Futenma air base
Here’s this week’s Media Mix about the protocol relationship between Japan-Russia negotiations over the Northern Territories and the U.S. base issue in Okinawa. According to writer Koji Yabe, Japan is totally in thrall to the U.S. military and thus cannot make any assurances to third parties with regard to its own strategic interests if the U.S. doesn’t sign off on those assurances. The media, for the most part, buys into the government’s narrative of “hope”—that there is still a possibility that the Northern Territories will someday revert to Japanese sovereignty, and that the contested Henoko air base will mean the shutdown of the even more contentious Futenma air base—but that there is little chance that what they suggest is happening will actually come to pass.
What’s particularly galling about Yabe’s point is that his findings are not exactly secret. They are there for any journalist to see. During his Golden Radio conversation cited in the column, he talks at length about the so-called secret agreement behind the revised Status of Forces Agreement (SOFA) signed in 1960, the one that essentially allowed the U.S. to carry nuclear weapons on its vessels when they came to Japan. Though at one time this agreement was classified, it has been common knowledge for a few decades now, and available for anyone to read and study. To Yabe, the dynamic outlined by the agreement informs the relationship between Japan and the U.S. military to this day. Nobusuke Kishi, Shinzo Abe’s grandfather, was prime minister when the secret agreement was signed two weeks before SOFA was concluded, but his successor, Hayato Ikeda, apparently was not informed about the agreement, so several years later when opposition lawmakers heard that nukes were being brought into Japanese harbors, they questioned the ruling party in the Diet, because it wasn’t allowed, and Ikeda firmly denied the rumors, thinking they weren’t true. The Americans became nervous, and then-ambassador Edwin Reischauer sat Foreign Minister Masayoshi Ohira down and explained the secret agreement to him and the use of the vague term “introduce”—as in “the U.S. will not introduce nuclear weapons on Japanese territory”—which was used in the public documents. The thing is, the U.S. thought the current Japanese administration knew about this, but apparently Kishi and his people didn’t tell anyone. From then on, the Liberal Democratic Party stuck to the secret agreement and pretended that nukes were not being carried by American submarines into Japanese harbors (as well as other nukes that didn’t become known until later). As a result, Japan was able to maintain its image as a nuke-free country and Eisaku Sato could win the Nobel Peace Prize for something—the storied three non-nuclear principles—that was basically a lie.

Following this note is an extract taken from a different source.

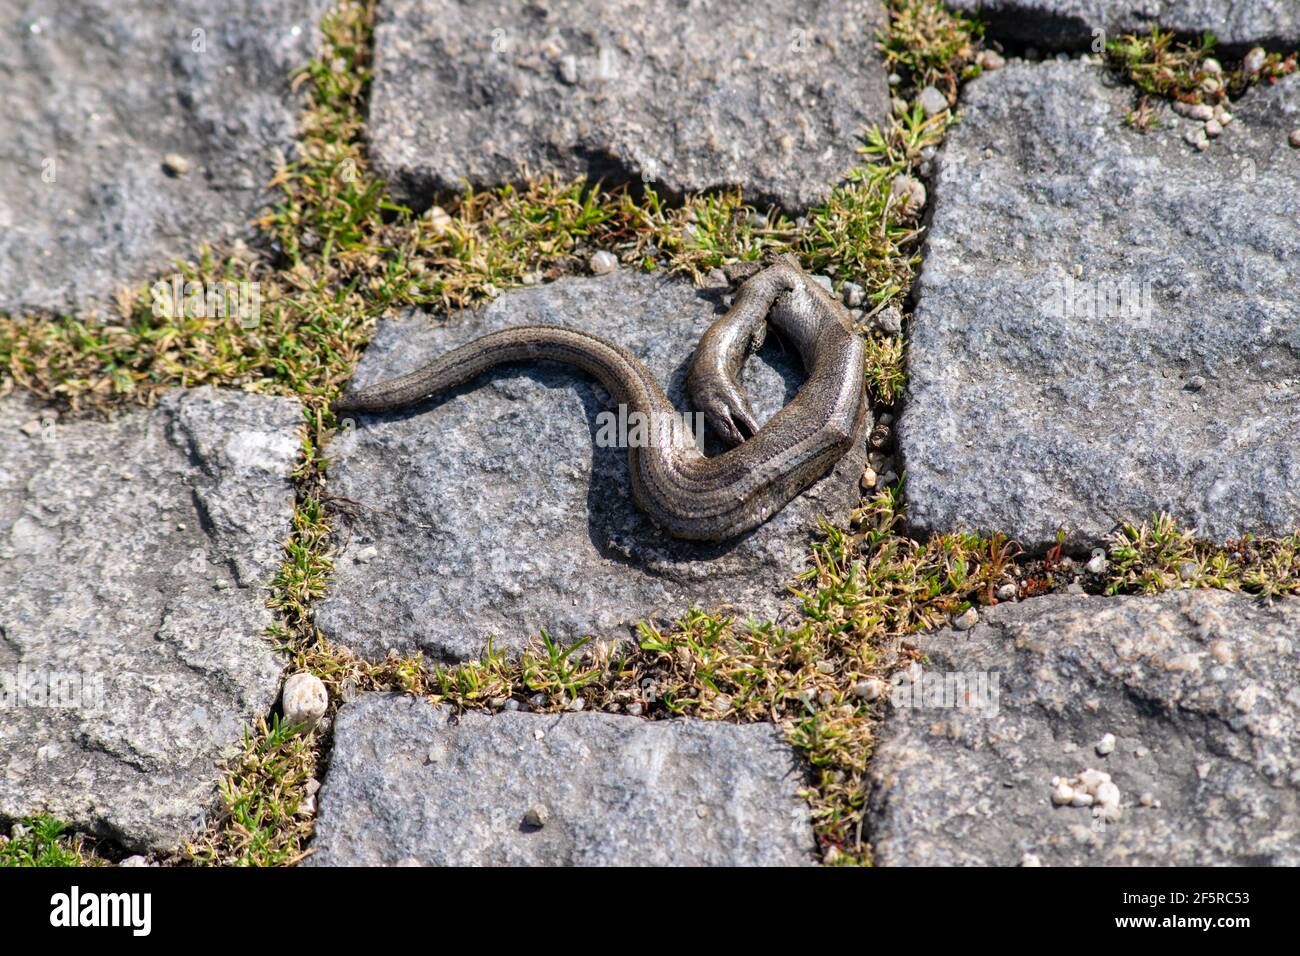 "Slow-worm", "Slowworm" und "blindworm" oder Anguis fragilis, Licranço, Cobra-de-vidro gründete tot. Gefunden in Westeuropa, Nordeuropa. Stockfoto

Yabe tells this story to reinforce his theory that Japan’s foreign ministry has absolutely no authority when it comes to negotiating with the U.S. on almost anything. Moreover, this idea is so deeply ingrained in the bureaucratic and political sensibility that the government has used it for its own ends. When Yukio Hatoyama became in 2009 the first non-LDP prime minister in more than a decade, he proceeded to realize his campaign promise to move the Futenma air base out of Okinawa, something the U.S. didn’t want. He was then visited by bureaucrats from the foreign and defense ministries who showed him something they called the U.S. military operations manual, which said that helicopter bases could not be situated more than 120 kilometers from a land forces base. Hatoyama was planning on shifting Futenma to Tokunoshima, which is more than 120 kilometers away. That’s why Hatoyama eventually dropped the idea for the move. As a result, his government collapsed and he resigned.
But, according to Yabe, there is no such manual. It was a story made up by bureaucrats who knew the U.S. would never go for Hatoyama’s plan to move the Futenma base off Okinawa. Yabe says the mass media knows about the bureaucrats’ lies, but never discuss it. Even Hatoyama seems to have accepted his fate. It’s no use trying to resist the Americans.